5-aza-2′-deoxycytidine treatment
HCC cell lines were treated with 1 μM 5-aza-2′-deoxycytidine (5-aza-dC) (Sigma-Aldrich, St Louis, MO, USA) to inhibit DNA methylation. Cells (1.5 × 106) were cultured for 6 days with medium changes on days 1, 3, and 5. On day 6, cells were harvested, RNA was extracted and RT-PCR was performed as described above.
Statistical analysis
Continuous variables are expressed as medians (range) and comparisons were made using the Mann-Whitney U test. Categorical variables were compared using χ2 tests or Fisher’s exact tests, where appropriate. Disease specific survival rates were analyzed by Kaplan–Meier and log-rank tests. All statistical analyses were performed using JMP software version 9.0.2 (SAS International Inc., Cary, NC, USA). The level of statistical significance was set at P < 0.05.
Results
Results of expression, SNP, and methylation-arrays
To identify novel tumor-related genes in HCC, we first searched for genes with decreased expression in HCC samples compared with corresponding normal tissue. According to the expression array results, DNM3 was strongly down-regulated in HCC tissue (log2 ratio −1.0, 2-fold decrease in expression; Table 1). Decreased expression of DNM3 mRNA was subsequently confirmed by semi-quantitative RT-PCR in tumor tissue from the same patient (Figure 1A).
Table 1
Expression array analysis of surgical samples from a 68-year-old female patient with HCC
Analysis of specimens from a 68-year-old female with HCC.

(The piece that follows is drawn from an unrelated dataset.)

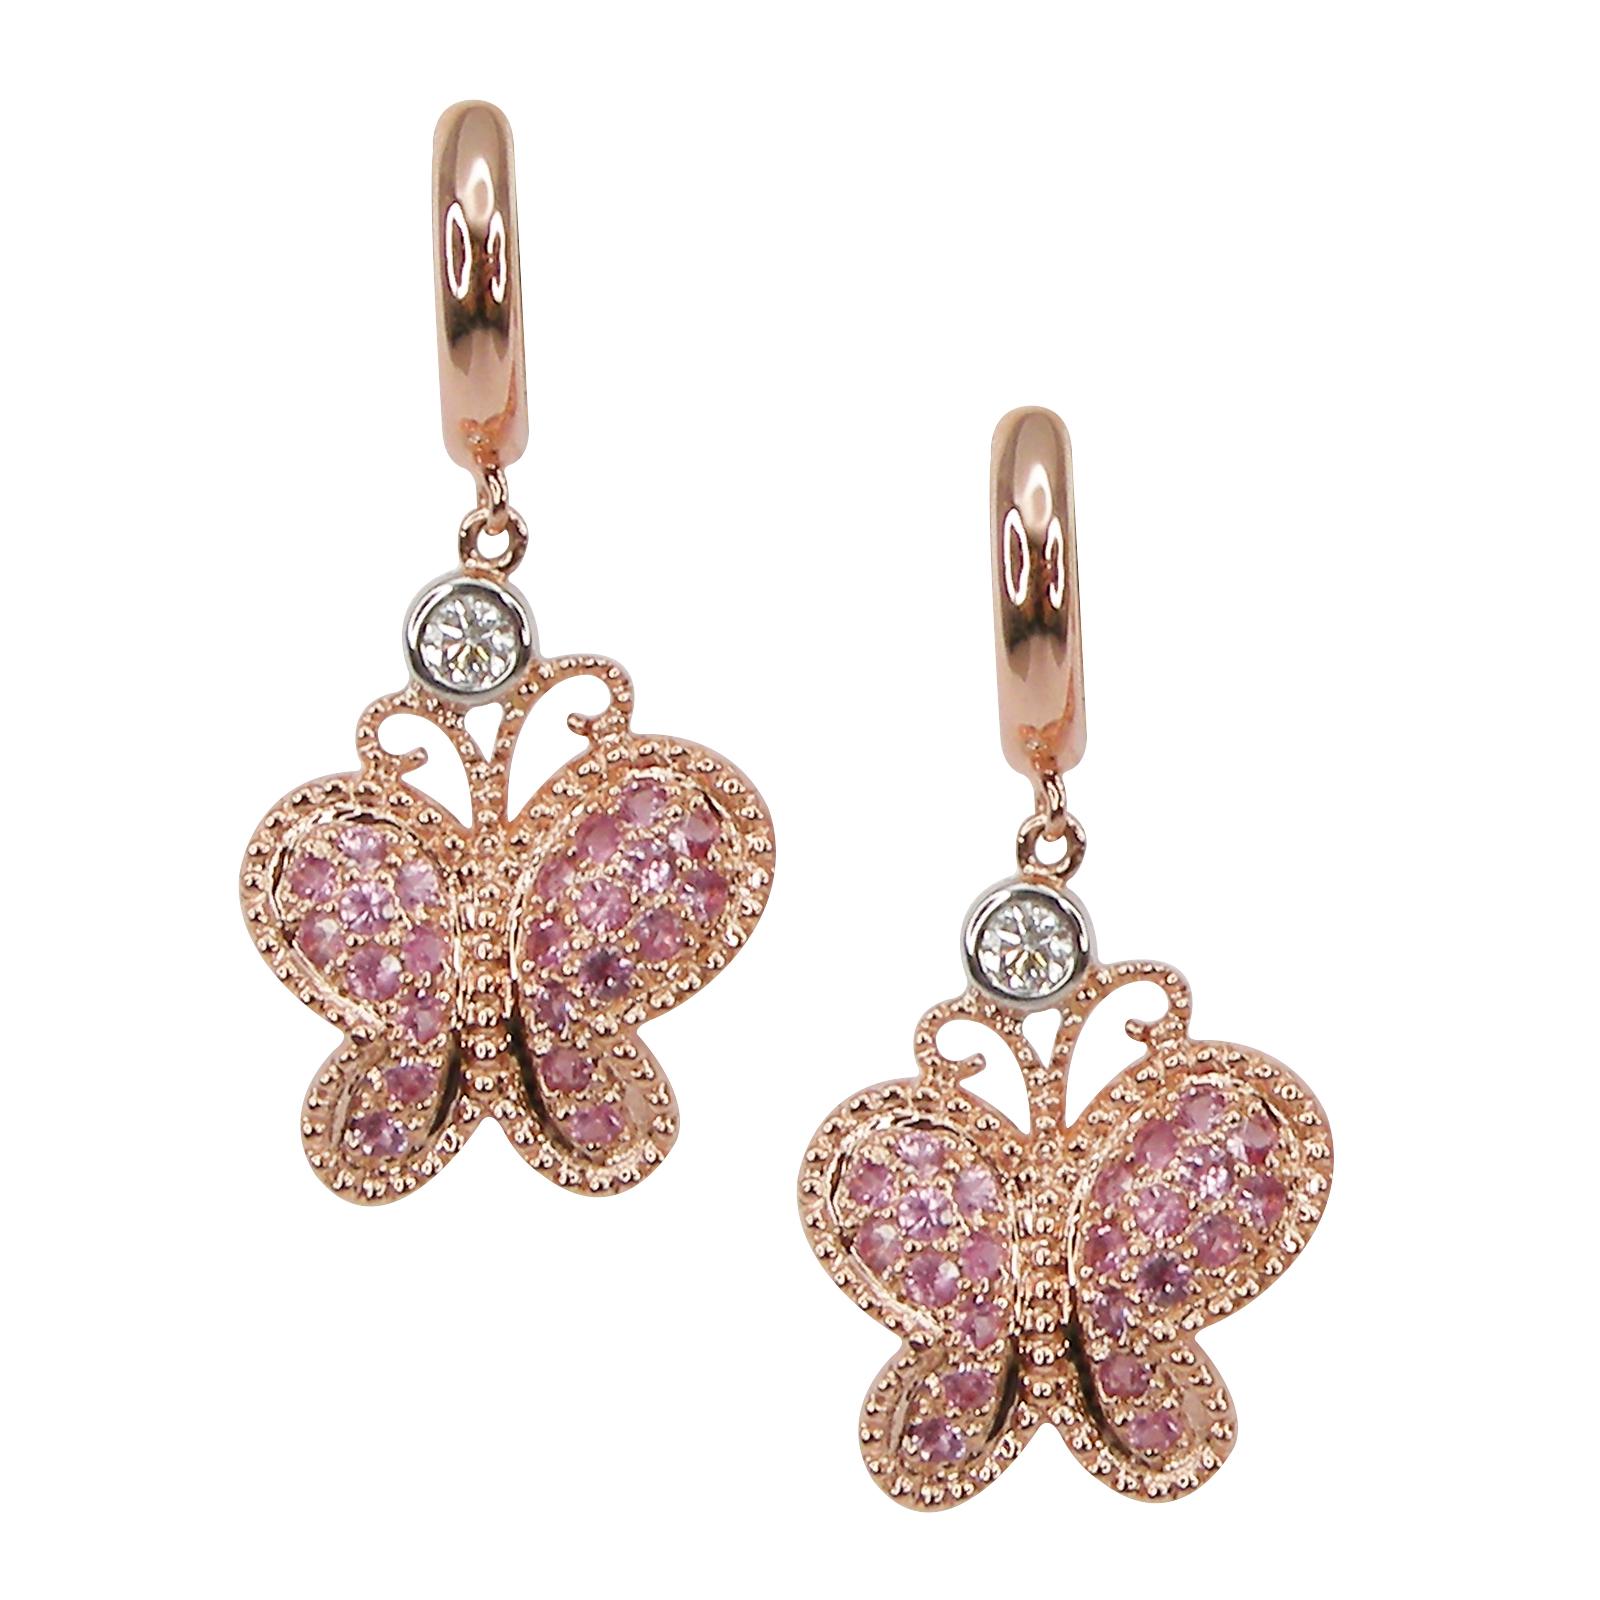 SIGNATURE PINK SAPPHIRE BUTTERFLY EARRINGS CLUSTER DIAMOND PENDANT BESPOKE FINE JEWELLERY BY SHAHINA HATTA

Notes: (A) Semi-quantitative reverse transcription-polymerase chain reaction (RT-PCR) revealed down-regulation of DNM3 in tumor compared with corresponding normal tissue. (B) Copy number analysis of chromosome 1 using single nucleotide polymorphism arrays in HCC specimens revealed amplification of 1q24.3, containing the DNM3 locus, but no deletions. (C) Methylation specific PCR revealed DNM3 promoter hypermethylation in tumor samples only.
Abbreviations:
DNM3, dynamin 3; HCC, hepatocellular carcinoma; M, methylated; Ma, marker; N, normal; PCR, polymerase chain reaction; U, unmethylated; T, tumor.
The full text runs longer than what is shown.